The Han is the fourth longest river on the Korean peninsula after the Amnok, Tuman, and Nakdong rivers. The river begins as two smaller rivers in the eastern mountains of the Korean peninsula, which then converge near Seoul.

Seoul, the capital city of South Korea, is the only example of a major metropolis with such a wide river running through it; few large cities are divided by a massive river approximately 1.2 kilometers wide. The term "Miracle on the Han River", referring to South Korea's rapid economic growth, originates from this river.

==Etymology==
The name Han River originates from the Korean word "Hangaram". In Old Korean, "han" means "big" or "great", and "garam" refers to a river—The Hanja character Han (漢) is a phonetic transcription. Until the early Three Kingdoms period, the Han River was called "Daesu" (帶水). It is recorded as Arisu (阿利水) on the Gwanggaeto Stele—an ancient stone monument erected in 414 AD. In the kingdom of Baekje, it was called "Ungniha" (郁利河). The Samguk sagi ("History of the Three Kingdoms"), a historical text, records the river as "Hansanha" (漢山河) or "Bukdok" (北瀆). The name "Han River" began to be used around the time when Baekje started interacting with China's Eastern Jin Dynasty; from then on, it was called "Hansu" (漢水) or "Hangang" (漢江).

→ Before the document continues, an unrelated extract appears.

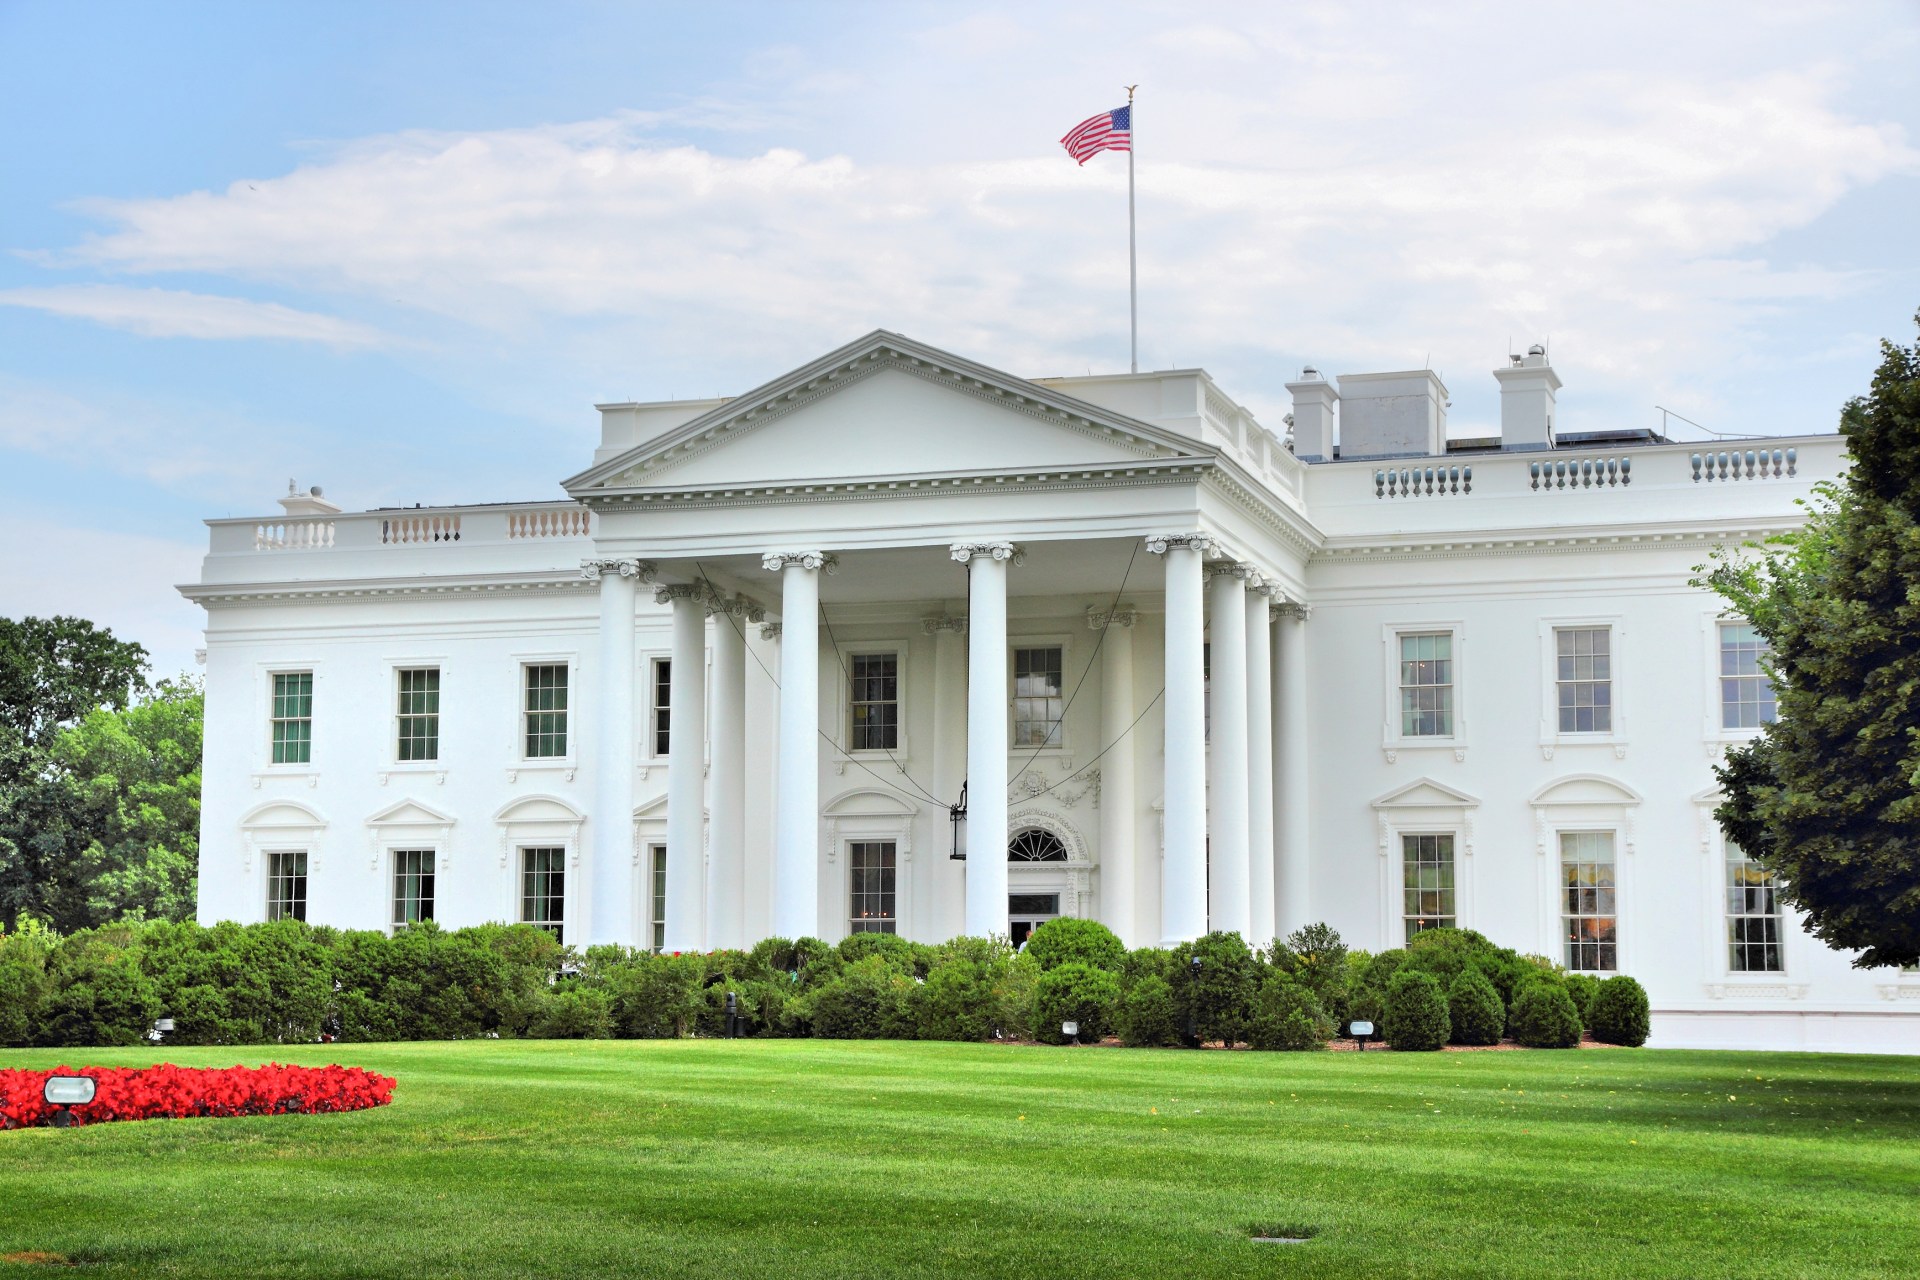 White House Tour: Inside President Joe Biden's New Home

Arisu (阿利水) is an archaic term used to refer to both the Han River and the Amnok River. Because of this historical significance, today it is also used as the brand name for tap water sourced from the Han River. The term seems to derive from ari, meaning "big" or "great", combined with su (水), which means "water". During the Goguryeo period, Arisu referred to the Han River. In the "Samguk sagi" (History of the Three Kingdoms), Baekje Annals Volume 3, in the account from early September of the 21st year of King Gaero, there is a record similar to that on the Gwanggaeto Stele in which the Han River is referred to as "Ungniha" (郁里河).

According to historical records from the Three Kingdoms period, Baekje referred to it as "Ungniha" or "Hansu," while in Silla, it was called "Wangbongha" or "Hansanha." During the Goryeo Dynasty, it was also known as "Yeolsu." Among the old names of the Han River, "Arisu" is the most familiar to modern Koreans.

In the 19th century, the river was attested to in one English-language source as the Han River or Hang Kang.

At one time, the Standard Korean Language Dictionary listed "Arisu" as a dialectal term for "deception", but due to insufficient data and lack of clear evidence, it was deleted.

There are records during the Goryeo period, that the Han River was also called Yeolsu (洌水), Sapyeongdo (沙坪島) and Sarijin. During the Joseon period, also as Gyeonggang (京江).

==History==

=== Prehistoric Han River ===
Various Paleolithic and Neolithic artifacts have been discovered in the Han River basin, with Amsa-dong Prehistoric Site in Gangdong District representing the local area's Neolithic culture. Artifacts such as pottery, stone tools, and spearheads, which provide insights into their dietary habits, have been unearthed. It is believed that these people engaged in intensive foraging activities in hills and low mountains, utilizing primitive fishing techniques like handline fishing or spear fishing from an early period, using tools such as spears or harpoons to catch fish.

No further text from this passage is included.